Father figure: Perceptions of God may stem from father-child relationships
Leah Misch has always considered her dad as the one in charge, the leader and provider of her family while she was growing up.
She is also close to another family that helped her find religion at a time of crisis in her life, including another father that has shown her kindness and love.
"My earthly fathers are there when I have needed them," the 26-year-old nurse and wellness coach said. "Even if I am not there with them, I know they are thinking about me and care about me, wherever I am."
Misch, who attends the Evangelical Free Church in La Crescent, Minn., gives a similar description of a masculine leader and provider who is kind, loving and always present when she describes the Christian God she prays to.
"You may not see it, but you know he is there," she said.
Sociologists say it's common for people to perceive that God is like the fatherly figures in their lives. If dad is caring, patient and concerned then children will believe God has those same characteristics. And the opposite holds true when a father is harsh, judgmental or absent.
"A father has a powerful influence in deep and subtle ways," said David Dollahite, a professor of Family Life at Brigham Young University. "Even though children know intellectually that God is fair, loving and kind and patient, it’s hard for them to relate to God at a gut level in a deep way if their own father is not that way."
The image of a child praying at their mother's knee is in keeping with research that finds women are generally more religious than men, sociologists say, and in many cases mothers invest the most effort in getting children involved in religious activities such as attending worship services, Sunday School or youth camps.
"Because regular church attendance is less common for fathers than mothers, in some ways his religiosity is more important because it's more unusual," said Brad Wilcox, sociology professor at the University of Virginia and director of the National Marriage Project. "So kids who see both mothers and fathers regularly attending church are more likely to take their faith seriously compared to kids who see just their mother attend church."
Elisa Zhai Autry, a sociologist of religion and global fellow at the Institute for Global Engagement, said her research on the religiosity of children of divorce found the impact of the father's commitment to his faith was critical in determining whether the children stayed active in church as adults.

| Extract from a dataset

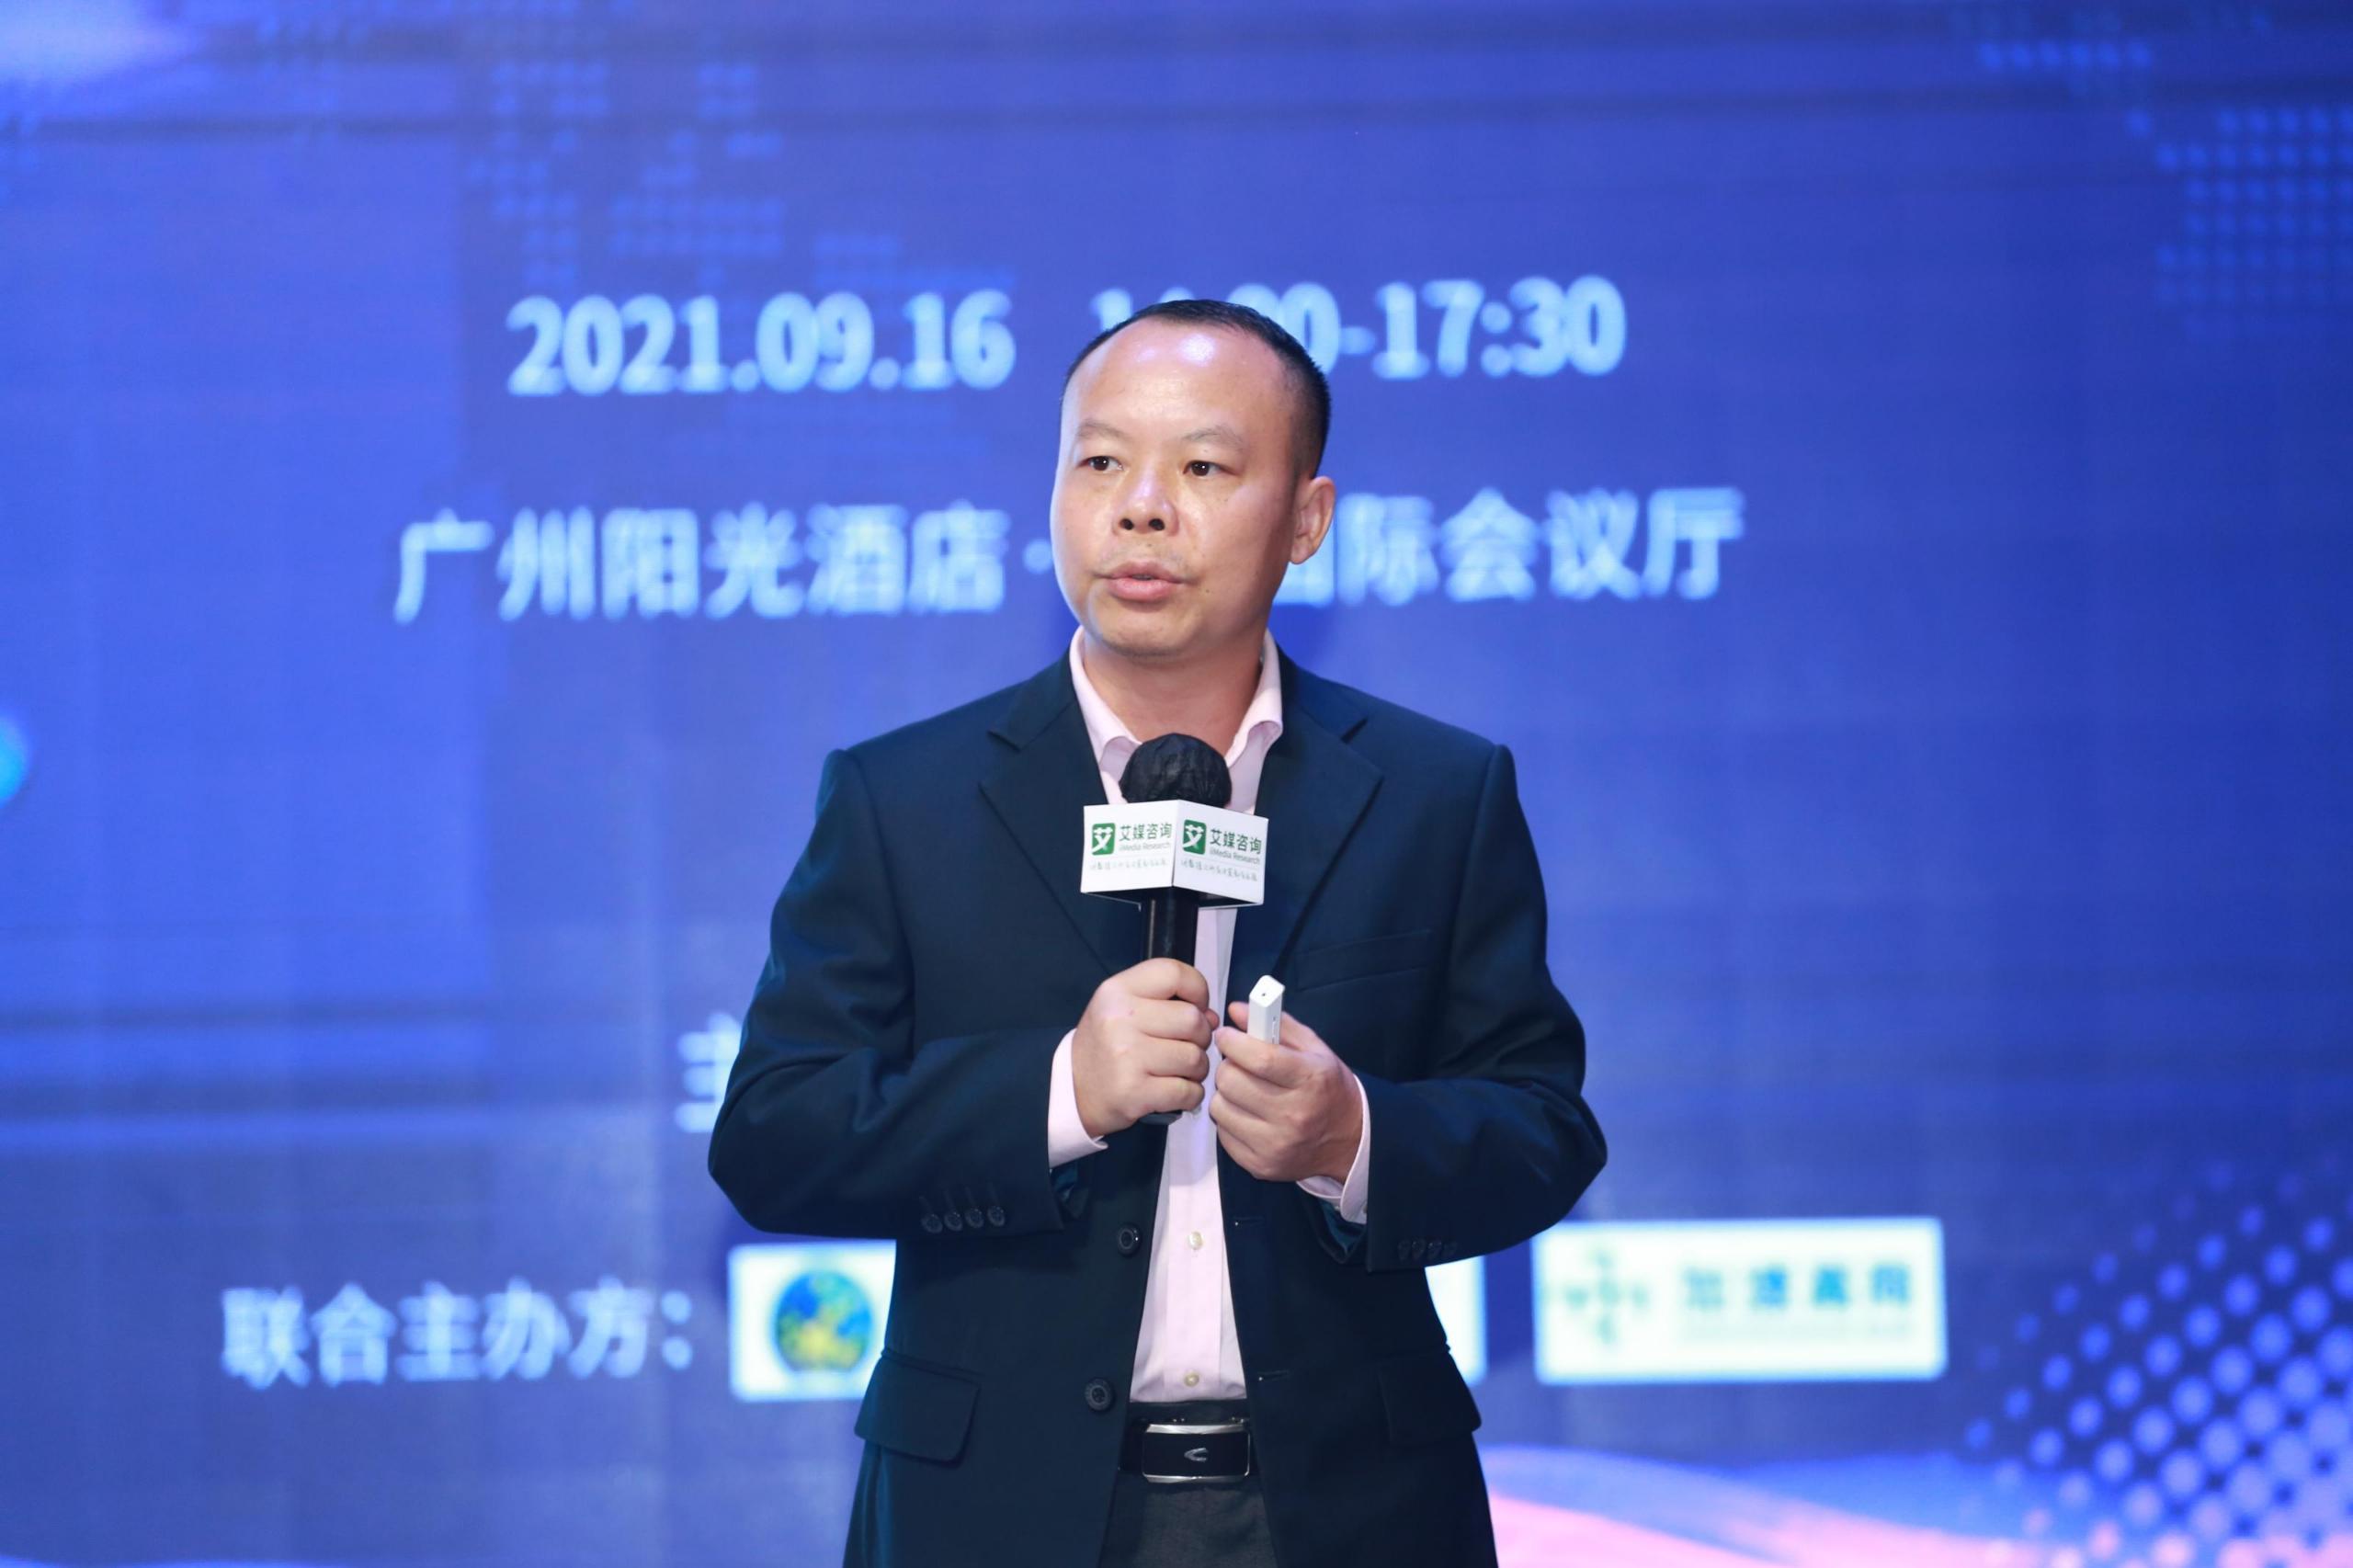 艾媒咨询发布《2021年中国新消费发展趋势研究报告》
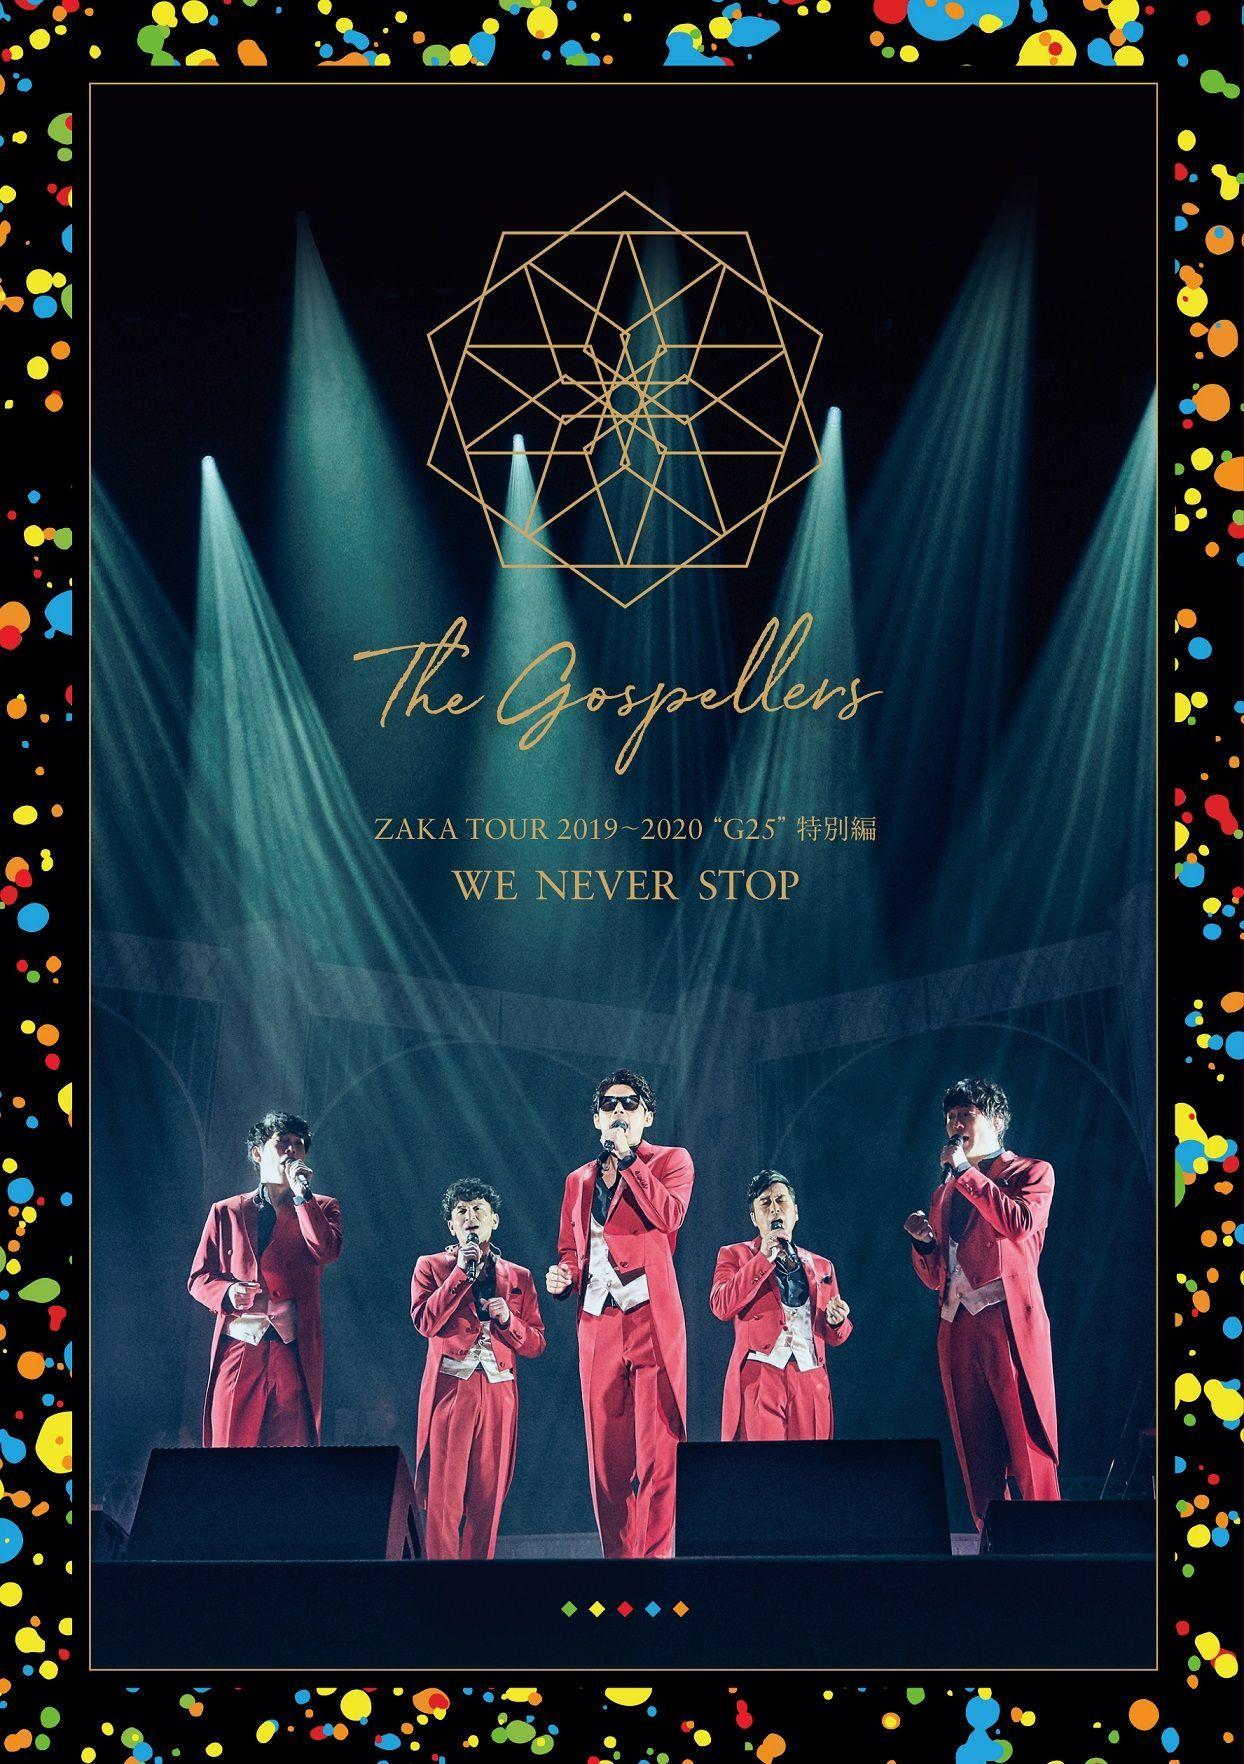 """DVD『ゴスペラーズ坂ツアー2019~2020 """"G25"""" 特別編 WE NEVER STOP』ジャケット"""

They found in custody arrangements where the father has limited time with his children, he will choose leisure activities over church. Also, children's reduced time with paternal relatives limits that influence on the children's exposure to religion.
"Our argument was the influence of fathers is unique and vital," Autry said. "A mother’s influence is constant. They are always there. But somehow that is not enough."
The same goes for intact families, Autry said, where children look to both father and mother as role models both spiritually and physically on how to be a religious person.
Dollahite, co-director of the American Families of Faith project, said interviews with 200 families of Christian, Jewish and Muslim faiths found religion to be most influential on children when both parents are united in their commitment to living their faith.
And while the interviews show a lot of overlap in setting an example, there were aspects unique to fathers in what they felt was important for modeling faith in their lives.